Overall, it is possible to significantly reduce the loss by 1~.

It goes without saying that the present invention is not limited to the above embodiments, and that various modifications are possible.

For example, in the above embodiment, a case has been described in which a PN junction element using an NPN transistor using a P well region is used as the PN junction element, but a PN junction element using a PNP transistor using an N well region may also be used. Of course it's a good thing.

[Effects of the Invention] As explained above, according to the present invention, it is possible to provide a power supply voltage detection circuit that can incorporate everything into an integrated circuit, thereby reducing the manufacturing cost. .
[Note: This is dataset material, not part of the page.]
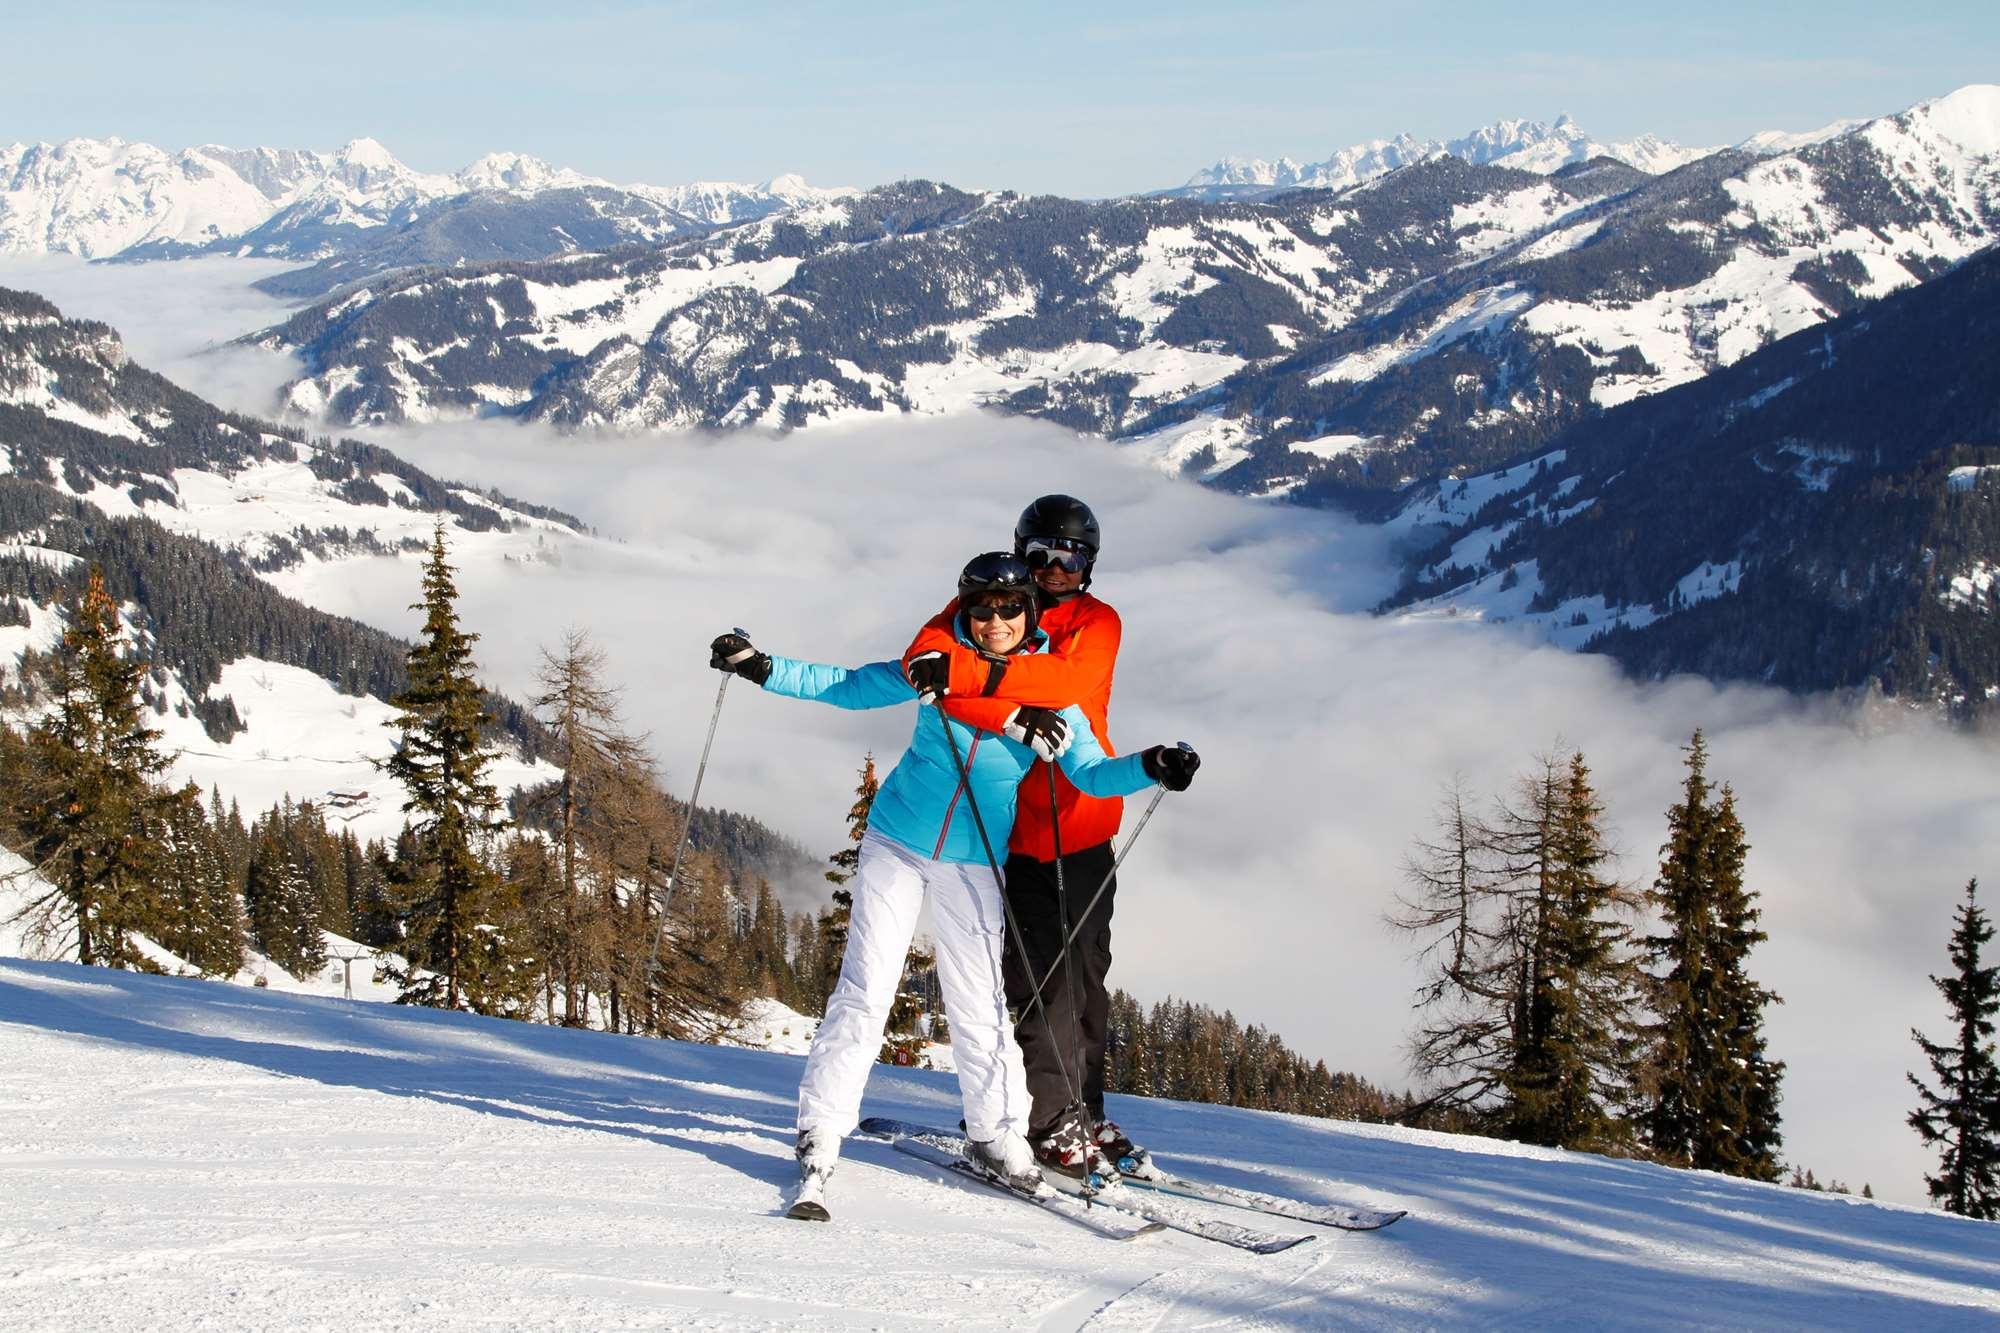 Skiing in Bad Gastein

[Brief explanation of the drawing]

FIG. 1 is a circuit diagram showing the configuration of an embodiment of the present invention, and FIG.
The figure is a cross-sectional view showing the structure of a part of the element groove of the above-described practical example circuit, FIG. 3 is a characteristic diagram for explaining the above-mentioned embodiment, FIG. 4 is a circuit diagram of a conventional circuit, and FIG. It is a characteristic diagram of a circuit. 10... Bias circuit, 20... Potential shift circuit,
21... Bipolar NPN transistor, 30
...Potential divider circuit, 3L32...Resistor, 40...
Differential amplifier circuit, 46... Differential amplifier section, 49... Inverting amplifier section, 50... c: Mos inverter, 61...
N-type straw plate, 62...P-type well region, 64...N
+ type territory applicant agent patent attorney Takehiko Suzuta Figure 3 Figure 4

Claims (1)

[Claims] The forward voltage of a PN junction element consisting of a first conductivity type well region formed on a semiconductor substrate and a second conductivity type semiconductor region formed on this well region is set as a reference potential, and this reference potential is changed from the power supply voltage. potential shifting means for generating a first potential shifted by the amount of the first potential; potential dividing means for generating a second potential by dividing the power supply voltage by a resistor;
1. A power supply voltage detection circuit comprising: potential comparison means for comparing a potential of the first potential and a second potential.